If someone had told me that I would become the parent of a bouncing, four-pound baby girl at my ripe old age, I would have said they are one sandwich short of a  picnic.   Now that I have sparked your curiosity, I’m talking about being the parent of a four-legged K-9 commonly referred to as a DOG. My habitat is now home to a six week old rescue. She is a Great Pyrenees/ Border Collie mix that I could not bear to see go to a shelter. After the vet identified her as part Great Pyrenees, I Googled the breed. My first thought, after I picked myself up off the floor, was why could I not have rescued a Chihuahua rather than a dog that has the potential to weigh far more than the cat and I combined.

Admittedly, I’m a “cat person” and have become accustomed to the lackadaisical lifestyle around the house that my cat, Smoki and I have become accustomed. We have our routine down to a science. Then there’s the potty training issue with a dog. This, by far, disturbs me the most. A self-admitted neat/clean freak, the mere mention of “puppy wee wee pads” literally makes me hyperventilate. I vow I will not succumb to their use. I seriously considered litter box training for the puppy but opted to sacrifice sleep by taking her outside three or four times during the most ungodly hours each night until she is house broken. And so I did. Of course, she didn’t quite get the concept in the beginning, confusing her outdoor potty breaks as playtime outings while I stand out in the cold begging and pleading for swift results.
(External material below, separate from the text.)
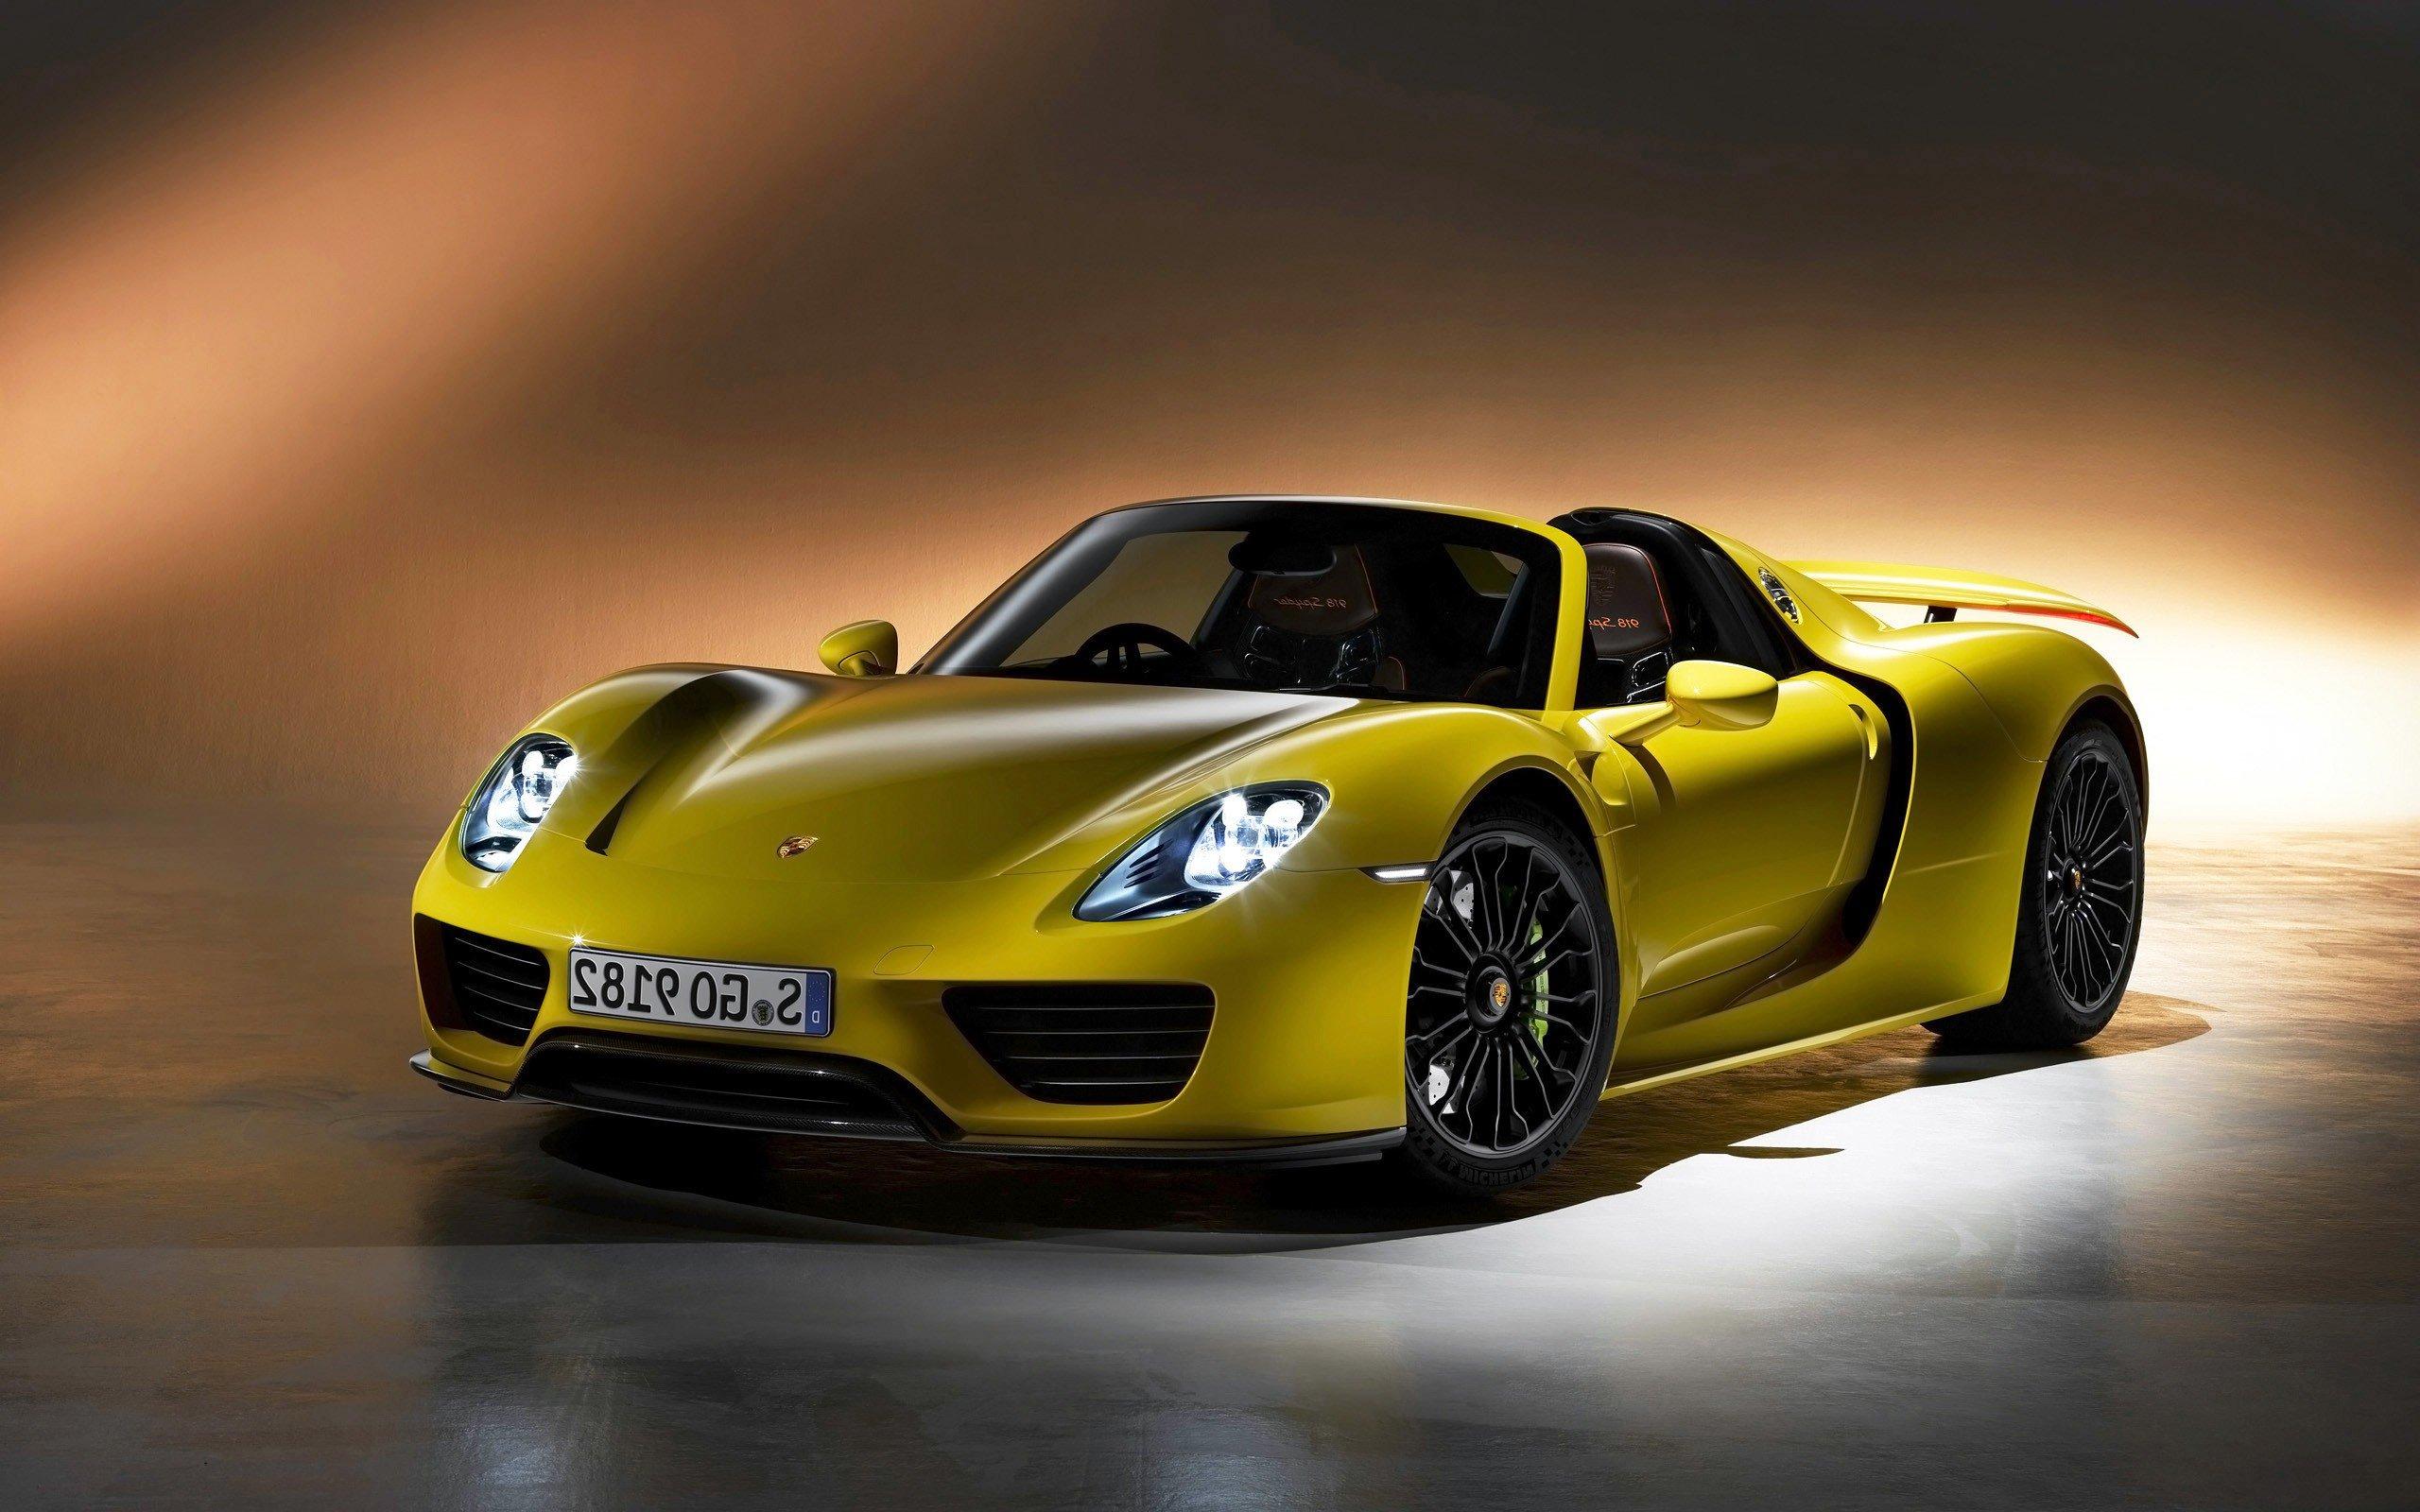 Porsche 918 Spyder Desktop Hd Cars 4k Wallpapers Images Backgrounds Photos And Pictures

I haven’t parented a dog in over twenty years, so I called in the experts for advice as to what I am to do with this little ball of fur. I consulted with the author of and Gracey of the Tiniest Tiger’s Conservation Cub  for advice as to how to care for the puppy as well as how to attain a cohesive relationship between my cat, Smoki, and the puppy. The “puppy,” as I called her, remained nameless for nearly two weeks. I had the misguided notion that if I didn’t name her, I would not become attached. No name, no attachment. I told this seemingly rational hypothesis to family and numerous friends inquiring about a name until I began to believe in the concept myself. That is, until Gracey didn’t buy my theory and told me so with a “hummm, I don’t think it works that way” response regarding my no name reasoning. She was right. Who was I kidding. I had already fallen in love even though my ultimate goal was to find the puppy a forever home with a great family. “Puppy” was soon replaced with the name, “Baylie”.
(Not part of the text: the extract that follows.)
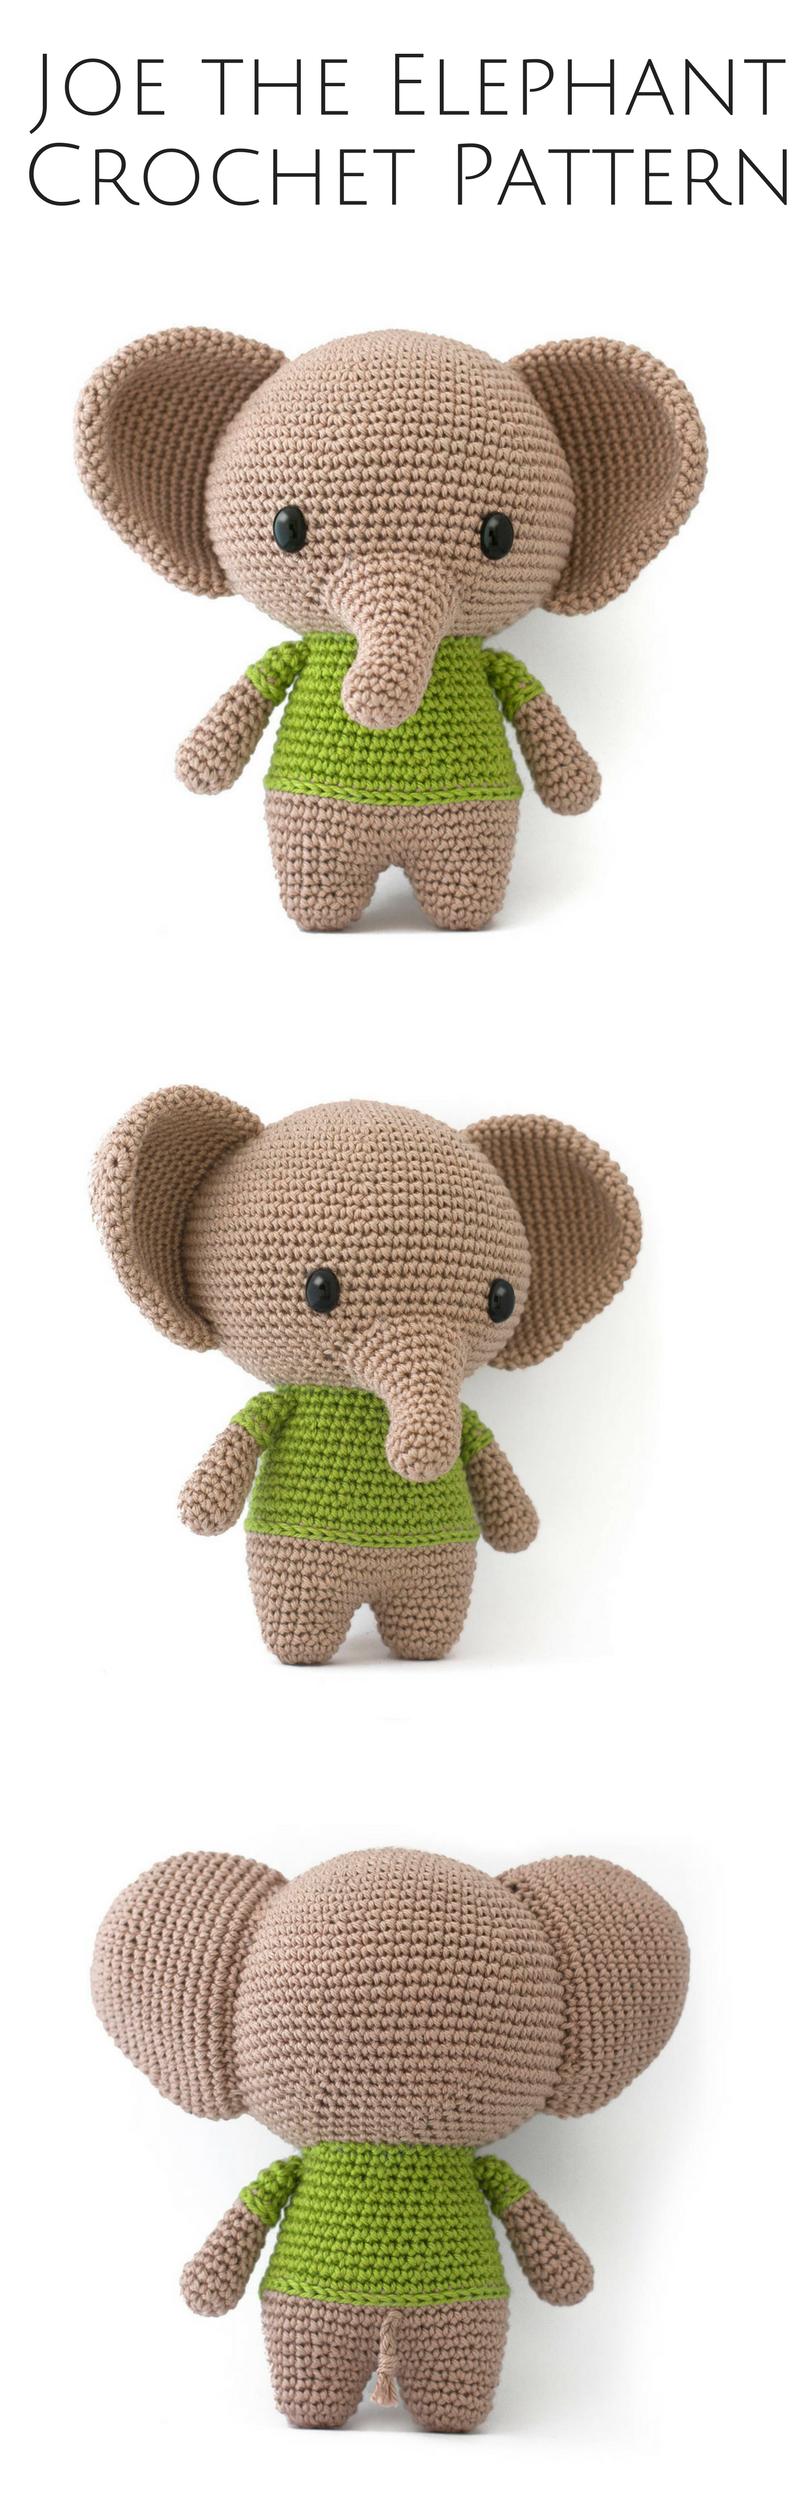 Joe the Elephant amigurumi crochet pattern PDF   Patrones amigurumi ...

As expected, my first night was without sleep. At bedtime, I placed Baylie in her new pink bed next to me; a welcomed gift from a friend. All was good for the first hour or so as she slept, soundly. After about an hour of sleep, she awoke every hour on the hour wanting to play and bark; same as a human newborn; that is, except for the barking. For family and those friends who insisted I should make my home Baylie’s forever home, I have available slots open for late night potty walks and bath time.